There are a number of tools for topic modeling: the most common is probably MALLET.
Mallet is effective and can be useful but it requires a fair amount of command line programming. For a quick primer on installing and using mallet look here: http://programminghistorian.org/lessons/topic-modeling-and-mallet
Instead of trying to navigate MALLET's difficult interface, we'll do our topic modeling in R. If we wanted, we could also install the MALLET package for R which allows us to run MALLET in R. But this requires that we first install MALLET on our local machine which is a bit tricky. So, for now, we'll just use the "topicmodels" library to do our work.
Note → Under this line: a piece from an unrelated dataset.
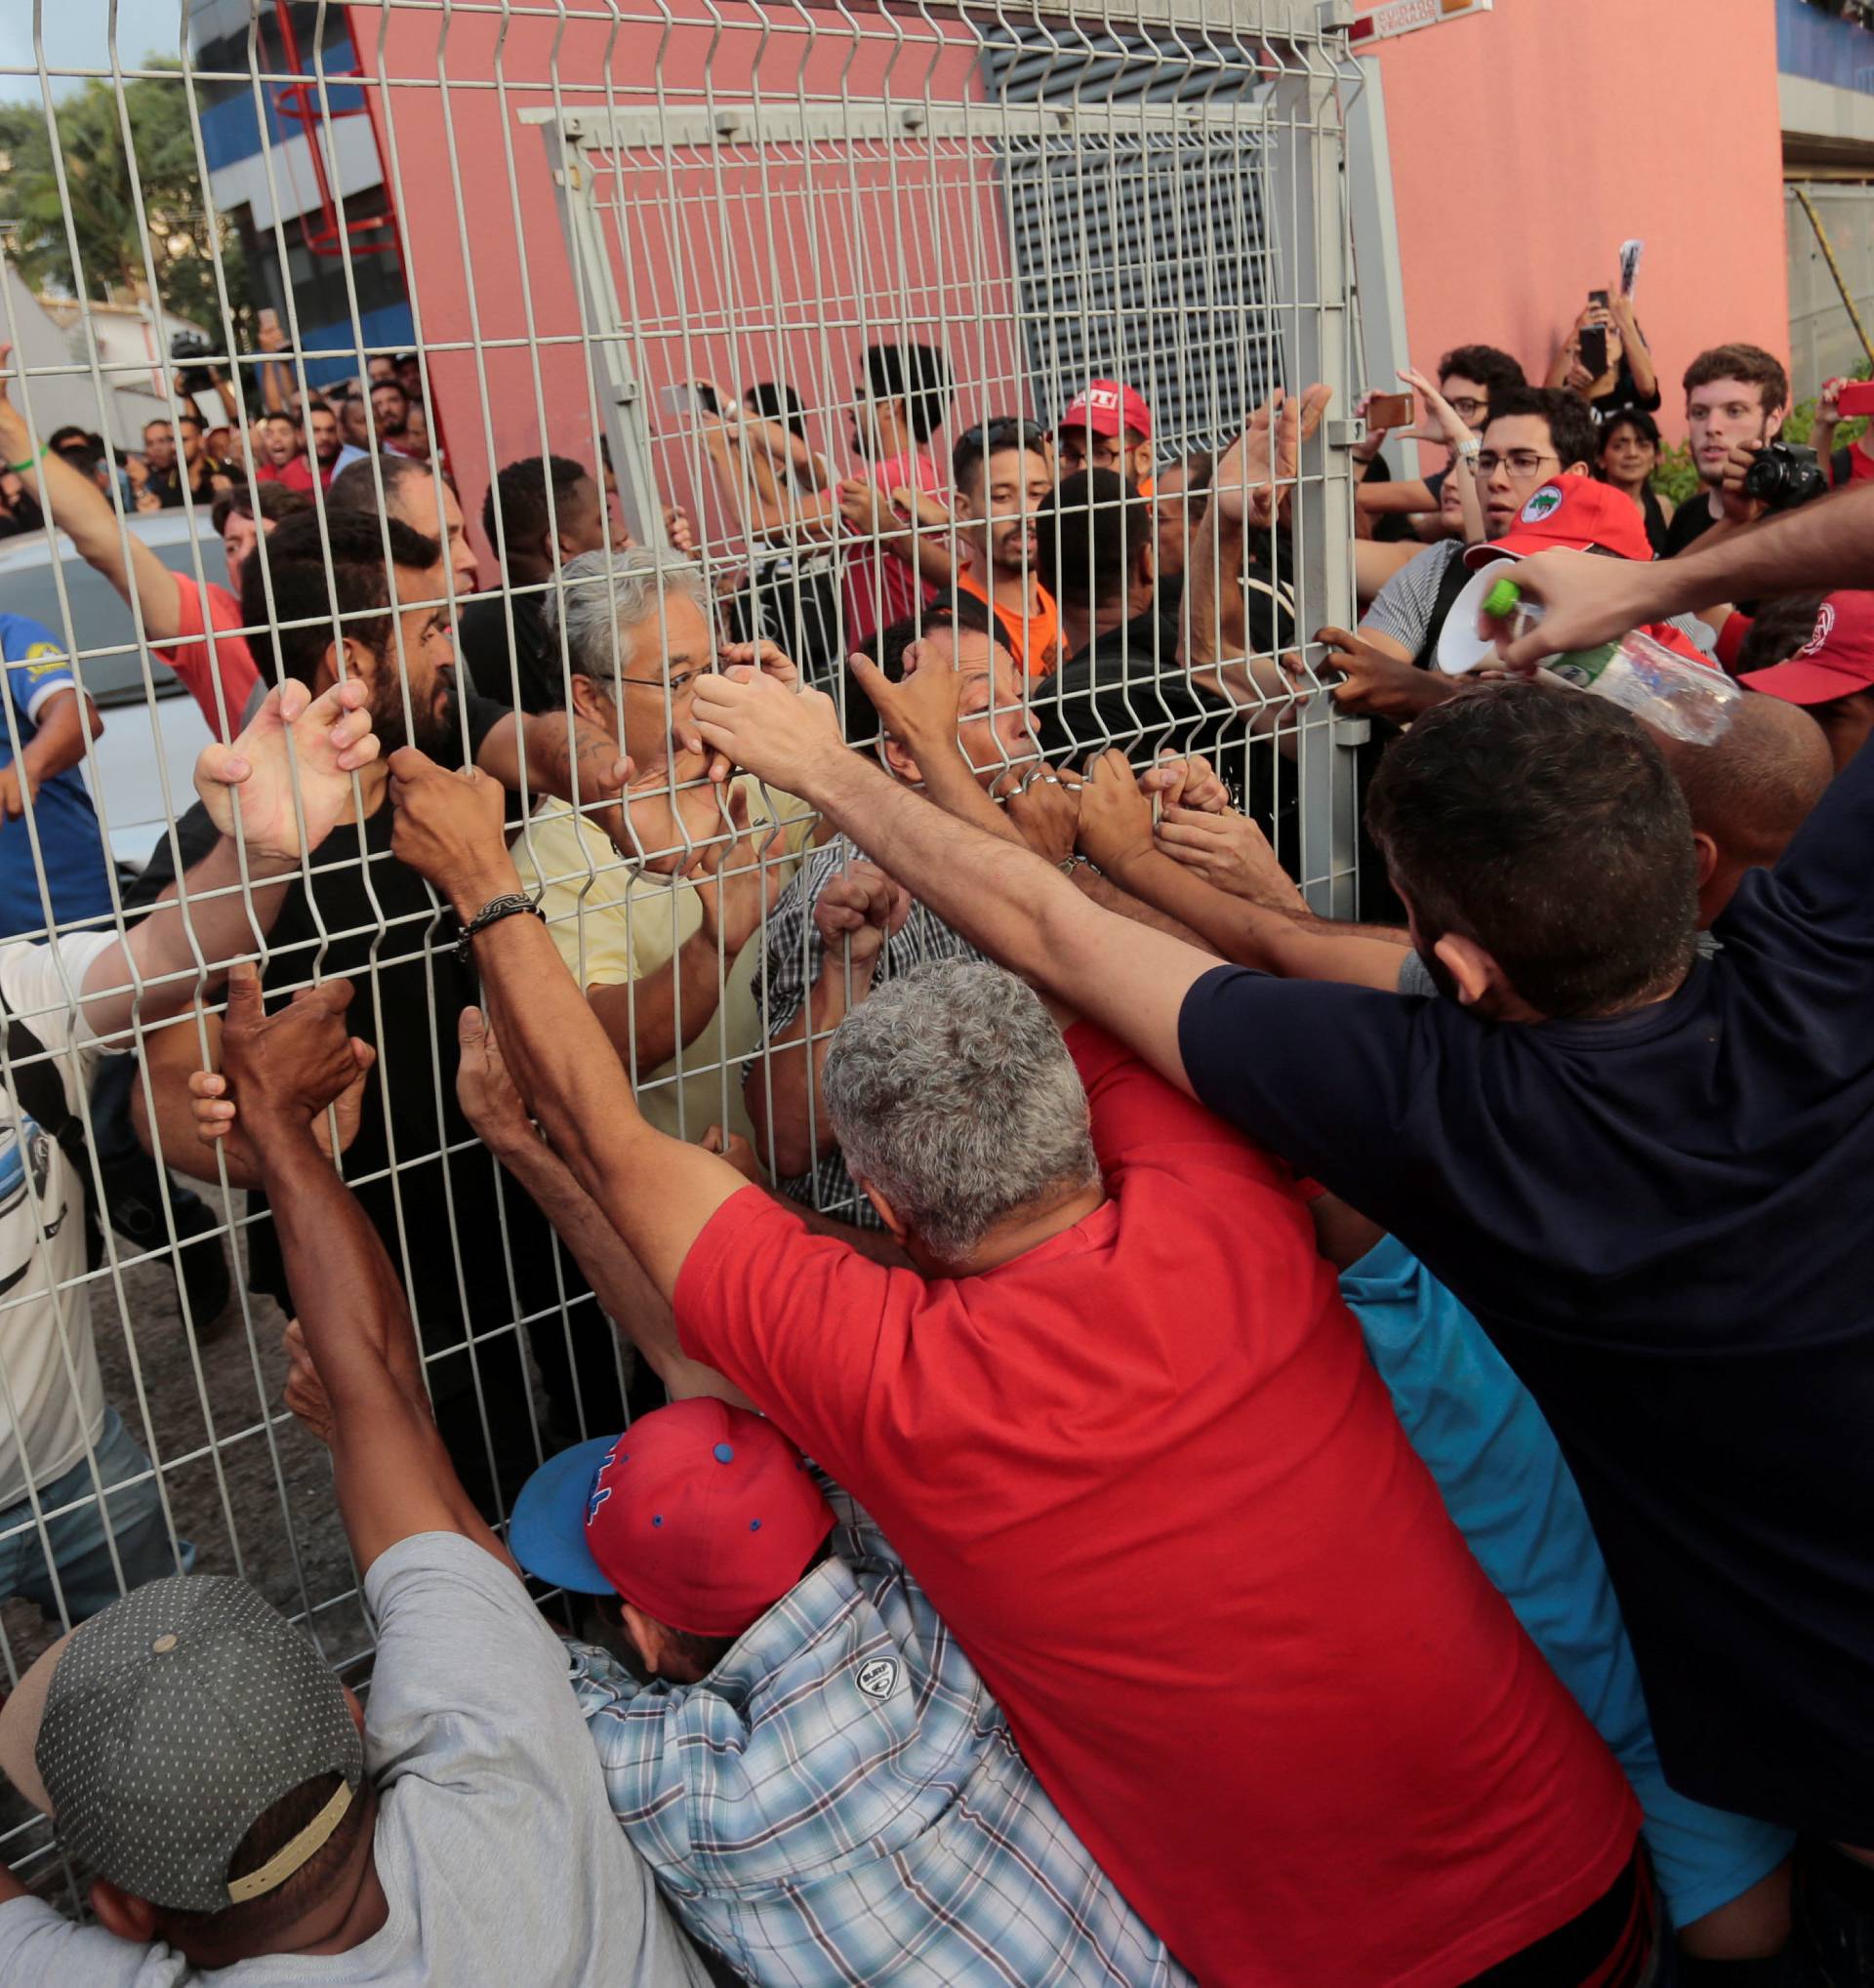 Supporters of former Brazilian President Luiz Inacio Lula da Silva block the way out as Lula tries to leave the metallurgic trade union in Sao Bernardo do Campo

One important thing to remember about topic modeling is that we tell the topic modeling algorithm beforehand how many topics we want it to discover. The number of topics is K so an intriguing question is how do we justify our 'k'?
There's an intuitive way of doing this: if the topics appear too general, we increase the number of topics; if they're too narrow, we reduce the number of topics. This raises the question of whether the topics we get back from the algorithm are an actual representation of the corpus or whether they're just one of many possible interpretations of that corpus.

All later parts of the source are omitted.